我正在尝试使用事务重写firebase函数。我现在遇到的问题是,我是否应该归还一份转写承诺?例如,我想使用一个函数,它有一个transception参数。但是这个函数不应该立即执行交易,而是返回它的Promise
这是我目前的功能:
export const dbUserDocsOnCreated = functions
.region(constants.region)
.firestore
.document("users/{id}")
.onCreate((snapshot, context) => doOnCreatedUserDocs(db, stripe, snapshot, context));
export async function doOnCreatedUserDocs(
db: FirebaseFirestore.Firestore,
stripe: Stripe,
snapshot: functions.firestore.QueryDocumentSnapshot,
context: functions.EventContext
) {
try {
const transactionPromise = db.runTransaction(async (t) => {
const snapshotData: FirebaseFirestore.DocumentData = (await t.get(snapshot.ref)).data() as FirebaseFirestore.DocumentData
// IF onCreate() has already been called once.

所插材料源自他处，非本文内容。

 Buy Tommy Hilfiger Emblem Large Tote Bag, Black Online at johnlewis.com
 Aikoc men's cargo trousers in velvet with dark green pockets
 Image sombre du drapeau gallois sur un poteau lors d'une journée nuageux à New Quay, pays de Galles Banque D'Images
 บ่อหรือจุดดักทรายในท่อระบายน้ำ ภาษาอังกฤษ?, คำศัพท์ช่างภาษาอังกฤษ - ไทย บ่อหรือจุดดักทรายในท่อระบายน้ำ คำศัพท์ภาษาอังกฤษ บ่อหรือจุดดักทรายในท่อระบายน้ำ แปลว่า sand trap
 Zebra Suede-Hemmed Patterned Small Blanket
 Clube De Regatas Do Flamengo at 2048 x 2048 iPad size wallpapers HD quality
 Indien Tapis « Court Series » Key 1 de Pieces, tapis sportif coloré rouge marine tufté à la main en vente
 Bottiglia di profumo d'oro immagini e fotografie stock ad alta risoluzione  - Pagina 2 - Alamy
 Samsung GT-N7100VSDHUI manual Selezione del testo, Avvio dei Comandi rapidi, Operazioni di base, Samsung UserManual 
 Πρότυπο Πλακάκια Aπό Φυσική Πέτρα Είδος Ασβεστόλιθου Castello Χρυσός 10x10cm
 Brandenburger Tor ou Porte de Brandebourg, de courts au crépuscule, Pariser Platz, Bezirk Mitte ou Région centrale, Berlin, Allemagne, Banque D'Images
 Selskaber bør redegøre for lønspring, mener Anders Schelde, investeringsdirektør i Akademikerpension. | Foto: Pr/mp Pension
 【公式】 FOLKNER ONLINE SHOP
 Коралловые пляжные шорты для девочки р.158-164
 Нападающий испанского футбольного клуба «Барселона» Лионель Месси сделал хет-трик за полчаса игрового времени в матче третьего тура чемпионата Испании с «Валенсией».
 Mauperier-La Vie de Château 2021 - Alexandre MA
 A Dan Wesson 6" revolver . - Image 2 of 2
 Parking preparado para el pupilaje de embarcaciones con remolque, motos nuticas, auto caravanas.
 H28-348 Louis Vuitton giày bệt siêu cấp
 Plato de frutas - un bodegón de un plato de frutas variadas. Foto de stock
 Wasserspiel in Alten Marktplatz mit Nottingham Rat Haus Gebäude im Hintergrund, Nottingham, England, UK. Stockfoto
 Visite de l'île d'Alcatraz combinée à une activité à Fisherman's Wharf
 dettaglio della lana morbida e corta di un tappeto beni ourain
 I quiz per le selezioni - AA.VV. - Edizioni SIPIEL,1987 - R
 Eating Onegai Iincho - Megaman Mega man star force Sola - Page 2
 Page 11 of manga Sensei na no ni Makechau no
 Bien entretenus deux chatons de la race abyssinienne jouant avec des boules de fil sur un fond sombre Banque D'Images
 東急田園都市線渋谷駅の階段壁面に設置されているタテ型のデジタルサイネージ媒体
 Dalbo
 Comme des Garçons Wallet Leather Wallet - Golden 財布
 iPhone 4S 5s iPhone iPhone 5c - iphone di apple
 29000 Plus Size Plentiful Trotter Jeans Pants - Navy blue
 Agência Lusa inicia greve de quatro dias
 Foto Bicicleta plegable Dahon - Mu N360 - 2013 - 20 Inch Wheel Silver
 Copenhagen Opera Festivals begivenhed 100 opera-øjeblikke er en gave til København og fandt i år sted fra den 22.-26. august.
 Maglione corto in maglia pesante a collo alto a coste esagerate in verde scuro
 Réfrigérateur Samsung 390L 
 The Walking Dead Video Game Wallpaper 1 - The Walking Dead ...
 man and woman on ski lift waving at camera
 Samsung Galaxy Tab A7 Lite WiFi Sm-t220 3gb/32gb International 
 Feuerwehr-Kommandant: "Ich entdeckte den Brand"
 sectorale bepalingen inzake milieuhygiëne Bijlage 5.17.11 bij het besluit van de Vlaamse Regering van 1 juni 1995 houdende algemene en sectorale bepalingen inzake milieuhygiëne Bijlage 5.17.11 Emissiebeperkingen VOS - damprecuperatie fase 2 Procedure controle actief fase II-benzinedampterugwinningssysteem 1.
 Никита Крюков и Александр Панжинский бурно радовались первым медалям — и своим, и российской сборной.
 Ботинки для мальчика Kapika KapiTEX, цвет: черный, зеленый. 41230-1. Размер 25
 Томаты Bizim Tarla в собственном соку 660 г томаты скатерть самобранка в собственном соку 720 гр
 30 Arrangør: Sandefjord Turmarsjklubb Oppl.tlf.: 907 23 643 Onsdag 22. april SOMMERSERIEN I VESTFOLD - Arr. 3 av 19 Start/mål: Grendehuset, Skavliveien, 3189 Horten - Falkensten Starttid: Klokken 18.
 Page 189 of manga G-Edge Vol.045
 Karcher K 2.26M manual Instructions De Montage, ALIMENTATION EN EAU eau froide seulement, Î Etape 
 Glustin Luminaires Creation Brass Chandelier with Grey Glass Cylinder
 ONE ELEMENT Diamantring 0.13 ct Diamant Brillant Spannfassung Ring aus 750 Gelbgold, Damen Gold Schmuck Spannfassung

if (!isDataNullOrEmpty(snapshotData.eventID)) {
return Promise.all([null])
}
const createdUserNr: string = await getIdTransactionally(t, db, constants.collectionUsers)
const createdStripeUser: Stripe.Response<Stripe.Customer> = await createStripeUser(stripe, snapshotData, firebaseUserEmail, currentUserNr, snapshot.id, idempotencyKey)
const updateUserNrPromise: Promise<FirebaseFirestore.Transaction> = incrementIdTransactionally(t, db, constants.collectionUsers)
const updateUserDocsPromise: Promise<FirebaseFirestore.Transaction> = updateUserDocsTransactionally(t, snapshot.ref, createdUserNr, idempotencyKey)
return Promise.all([
updateUserDocsPromise,
updateUserNrPromise,
])
})
return Promise.all([
transactionPromise
])
} catch (err) {
// CATCHING
}
}
处理事务的已用函数
export async function incrementIdTransactionally(
transaction: FirebaseFirestore.Transaction,
db: FirebaseFirestore.Firestore,
doc: string
): Promise<FirebaseFirestore.Transaction> {
const incrementor: FirebaseFirestore.FieldValue = FirebaseFirestore.FieldValue.increment(1);
const collectionReference: FirebaseFirestore.DocumentReference<FirebaseFirestore.DocumentData> = db.collection(constants.collectionAutoIds).doc(doc)
return transaction.update(collectionReference, { id: incrementor })
}
async function updateUserDocsTransactionally(
transaction: FirebaseFirestore.Transaction,
ref: FirebaseFirestore.DocumentReference,
generatedUserNr: String,
eventId: string,
): Promise<FirebaseFirestore.Transaction> {
return transaction.set(ref, {
userNr: generatedUserNr,
eventId: eventId,
optionalAddress: FirebaseFirestore.FieldValue.delete()
}, { merge: true })
}
function createStripeUser(
stripe: Stripe,
data: FirebaseFirestore.DocumentData,
eMail: string,
usernr: string,
uid: string,
idempotencKey: string,
): Promise<Stripe.Response<Stripe.Customer>> {
return stripe.customers.create({
name: data.fullName,
email: eMail,
description: "Created by Firebase Cloud-Functions",
metadata: { uuid: uid, userNr: usernr },
preferred_locales: ["de-DE"],
}, { idempotencyKey: idempotencKey })
}
查看上一个线程和SDK引用后,事务的set()、update()和delete()操作似乎没有返回promise,但它们只是返回相同的Transaction实例以用于事务链接:
返回事务:此事务实例。用于链接方法调用。
这与返回Promise<DocumentSnapshot>的get()方法不同。我测试了一个分为两个功能的简单事务,没有发现明显的问题:
function fireTransaction(){
return fireDB.runTransaction((tr) => {
const myDoc = fireDB.collection("users").doc("testUser1");
return tr.get(myDoc).then(tDoc => {
setUserAgeTR(tr, tDoc.ref)
})
})
.then(res => console.log("Completed"))
.catch(err => console.log("Failed Transaction: ", err))
}
function setUserAgeTR(tr, docRef){
return tr.update(docRef, {userAge: 9999}) //Requires DocumentReference, can be obtained from 'ref'
}
根据SDK文档,由于您使用的是TypeScript,辅助函数的返回类型应该是Transaction。